She testified that in D.Z.'s case, a safe and stable home would include caretakers who knew how to address his special needs "so that he can go forward in school and socially." She explained that lack of permanency could exacerbate his behavior problems, as he continued to blame himself for his impermanent living situation:
And that of course would set him up for multiple short and long term consequences . . . the behavior problems which he is much more vulnerable to given his attention deficit, depression, anxiety. And that would only increase as he grows older and impact on his ability to be successful in school, to make good judgments regarding relationships.
Dr. Smith agreed with Dr. Dyer that there would be severe consequences to D.Z. if his mother's parental rights were terminated "with no caregiver in the wings." Should that occur, she recommended that D.Z. continue to have visitation with Y.Z. until the Division located an adoptive family for him. She opined, however, that the worst case scenario would be returning to his mother, and having the reunification fail.
At this point during Dr. Smith's testimony, the trial judge expressed his concern that the case confronted the court with "many poor choices" because all of the available options threatened some harm to the child.
On cross-examination, Dr. Smith explained that the child, who was then nine years old, did not "have an attachment disorder" and would be able to form a relationship with a parental figure other than his mother. She believed that he had not yet done so because of his attention deficit hyperactivity disorder (ADHD), his behavioral issues and his many different foster placements. She testified if he were to be cut off from contact with his mother, he would be "very sad" and "how he handles that loss will be based on . . . whether or not he has another positive attachment to go to." She also testified that if parental rights were terminated, with no adoptive family available "it keeps him in limbo. Although I do think that the harm could be mitigated if he has continued contact with his mother." Consistent with Dr. Dyer's testimony, Dr. Smith explained that the legal expression "termination of parental rights" meant nothing to the child; what he cared about was "will I see my mother next week." She insisted that D.Z. "can't remain in foster care indefinitely" and that "permanency" was "the most important thing for him."
In her defense, Y.Z. presented expert testimony from Dr. Antonio W. Burr, who conducted two bonding evaluations of D.Z. and Y.Z., in July 2010 and March 2011. At the July interview, Dr. Burr found a "substantial bond" between Y.Z. and her son, and the child "expressed a very strong wish to return and live with his mother." Dr. Burr observed the same strong bond in the March evaluation. He explained the difference between attachment and bonding, in that "attachment with children has to do with their capacity to . . . establish a significant emotional connection" with parents, other family members, babysitters and others, but that children "bond to exclusive figures that they identify as primary parental figures." He opined that D.Z. was both attached to and bonded with his mother. He also explained that the child would have to "come to the point where he realizes that this mother is just not going to be able to provide him with the parenting and the nurturing that he seeks" before he could "transition to another parental figure."
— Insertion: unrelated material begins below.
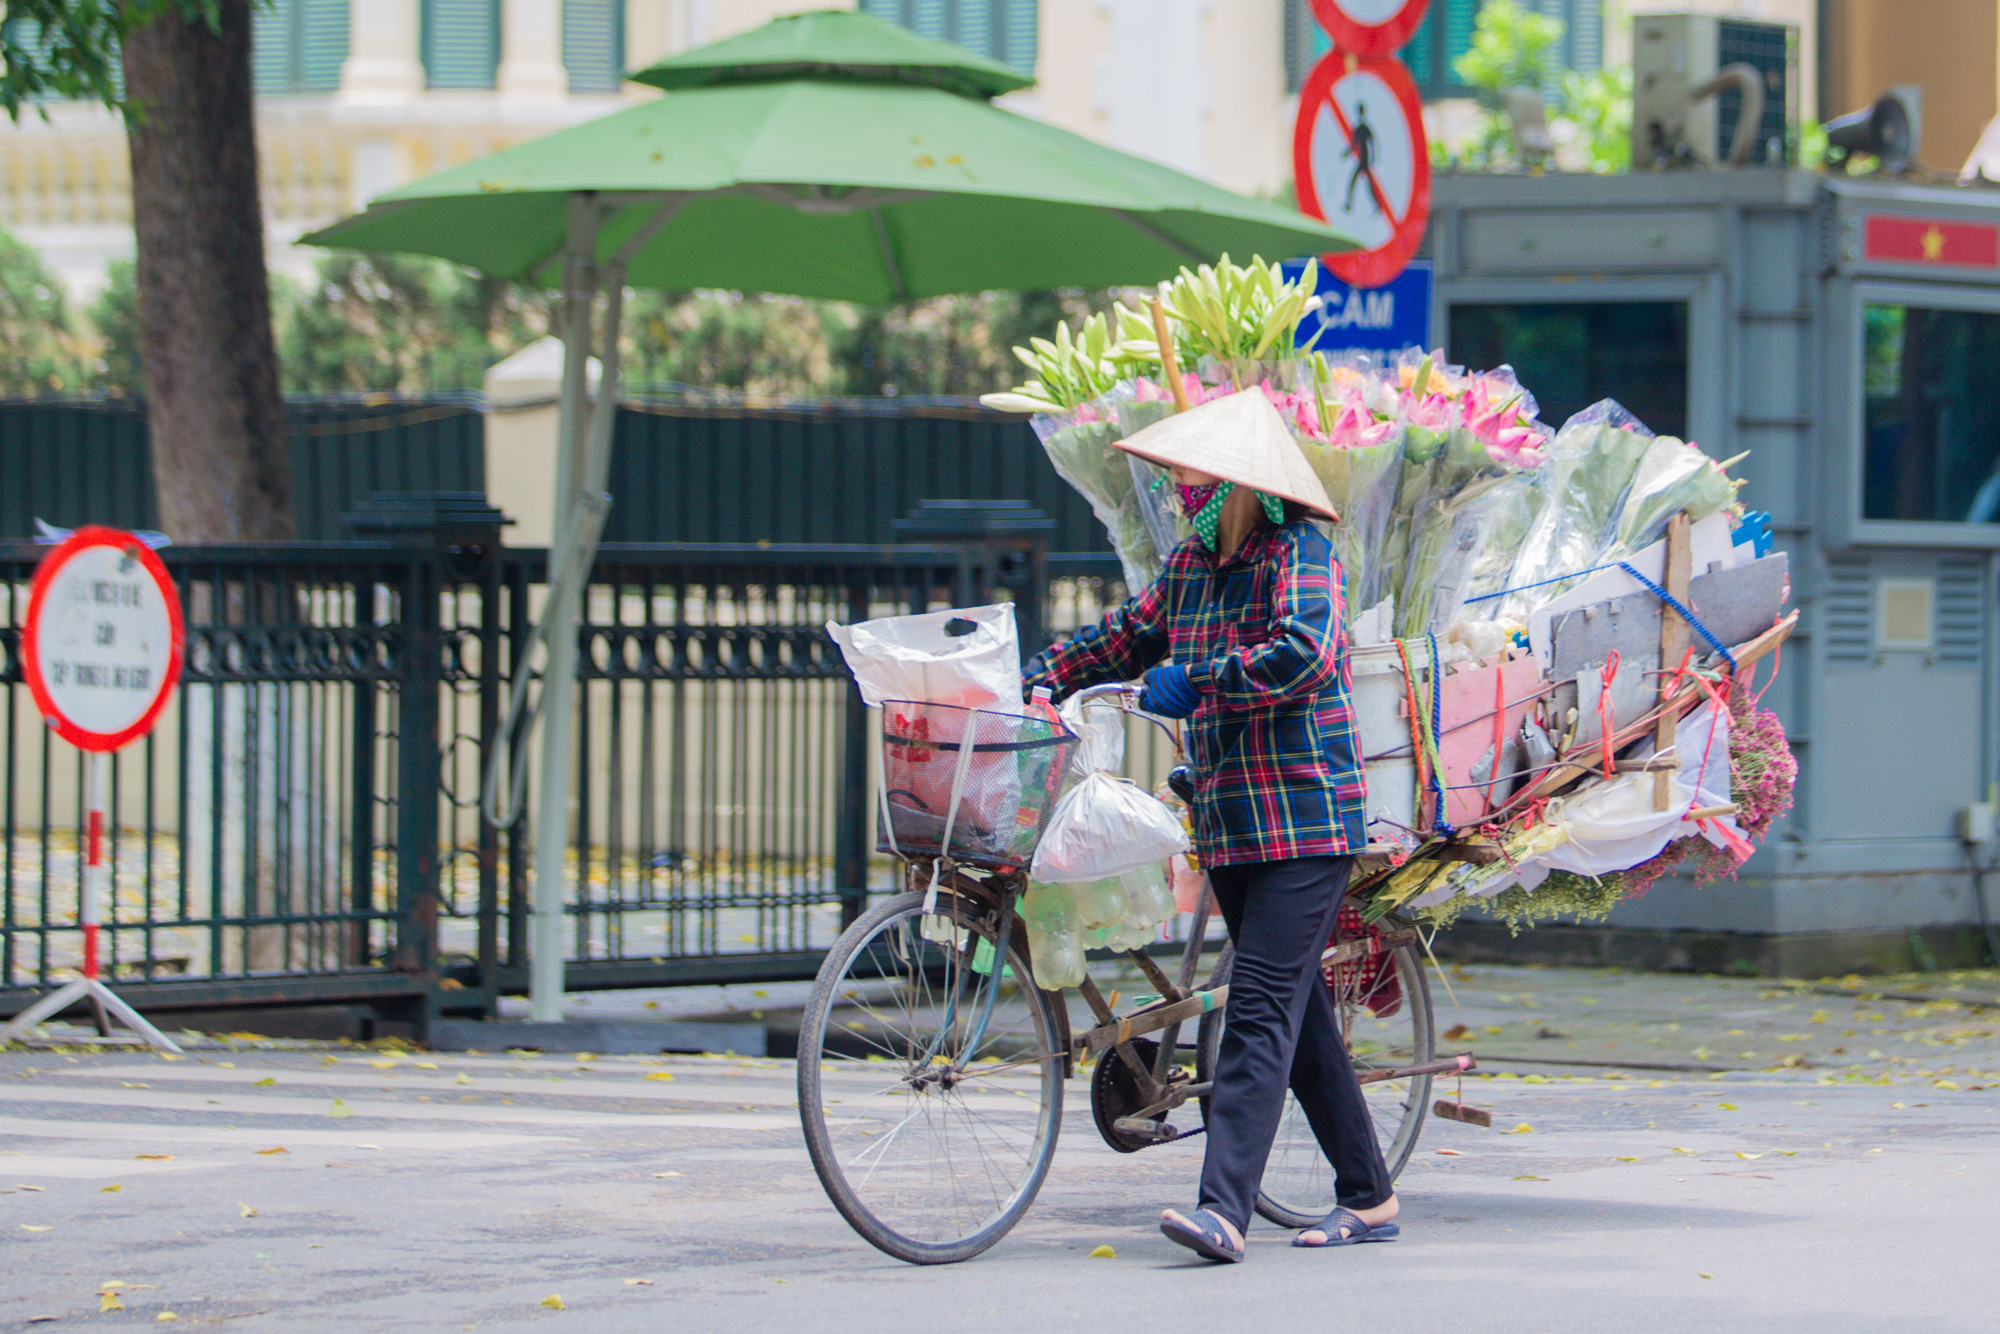 Hoa sen là biểu tượng của sự thanh lịch, tinh tế và thanh cao trong văn hóa Việt Nam. Hãy ngắm nhìn hình ảnh này để nhìn thấy sự đẹp mộng mơ của hoa sen, truyền cảm hứng và tinh thần trong cuộc sống hàng ngày của bạn.
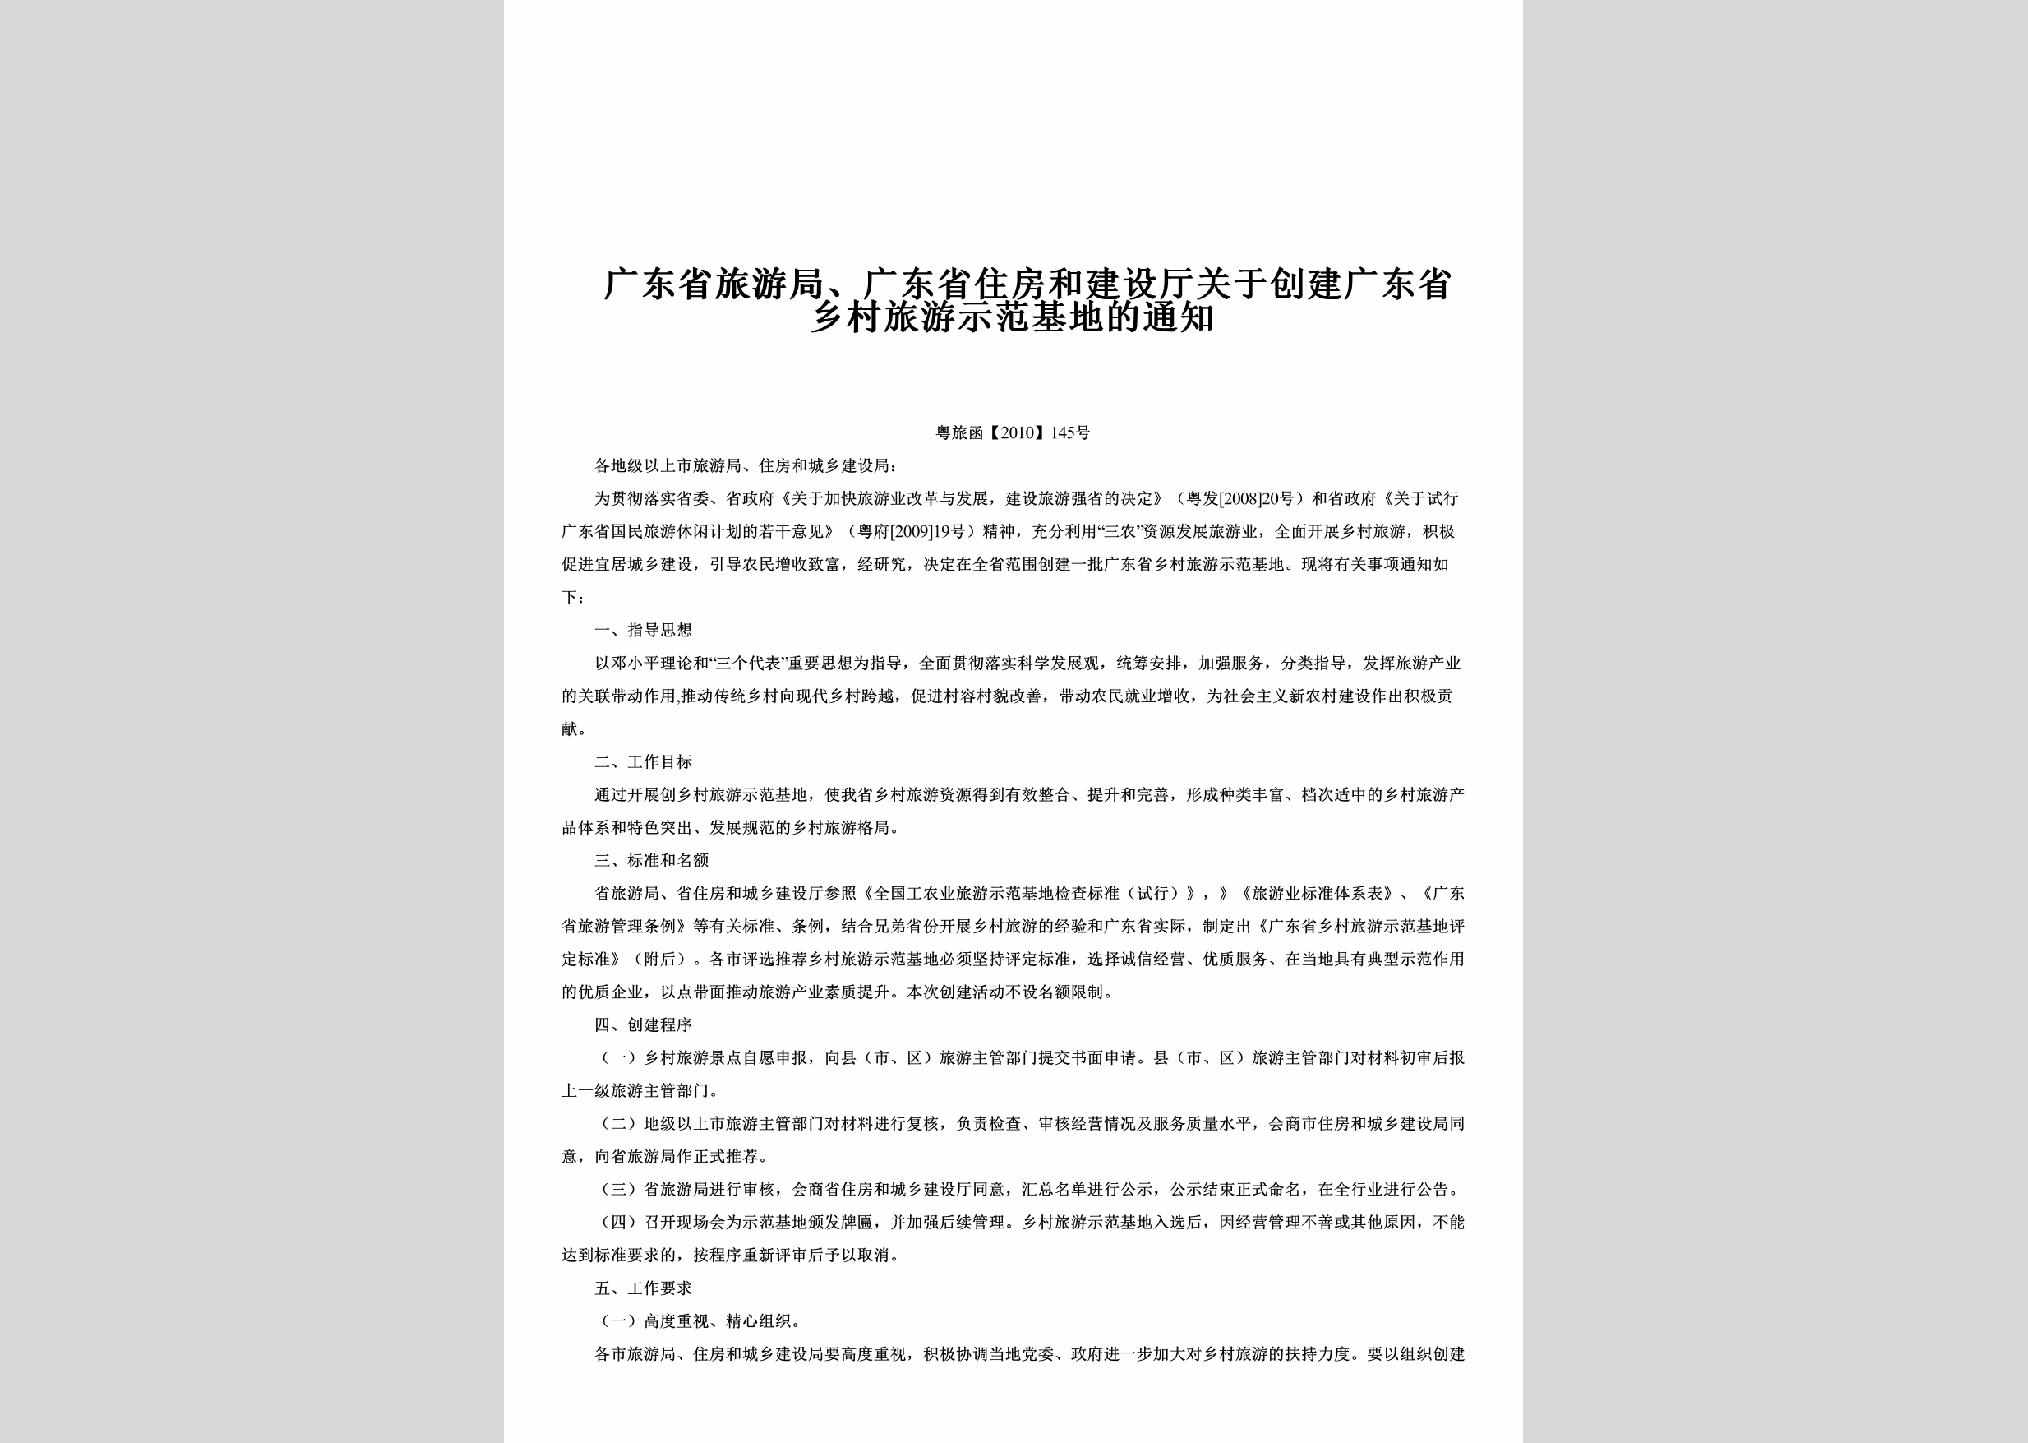 粤旅函[2010]145号：关于创建广东省乡村旅游示范基地的通知

Like Dr. Smith, Dr. Burr believed that terminating Y.Z.'s parental rights without having an alternative parental figure in place would be very harmful for the child. He testified that "if there was another figure . . . that the child identifies in his emotional constellation, then it becomes practical and workable" to transition to another attachment figure. However, at the time of trial, there was "no one else." On cross-examination, Dr. Burr acknowledged that the child "has expressed that he has not been reunited with his mother because of his behavioral issues." He agreed that it was not unusual for children to "internalize the problems around them and make themselves responsible. And that has tremendous impact in terms of their self-worth and their self-esteem." Dr. Burr agreed with Dr. Smith that D.Z. was capable of "making further attachments." He also testified that "the older [D.Z.] is, the more difficult it's going to be for him to find an adoptive home." He agreed with Drs. Smith and Dyer that D.Z. needed permanency, but as he put it, "[t]he problem is with whom?"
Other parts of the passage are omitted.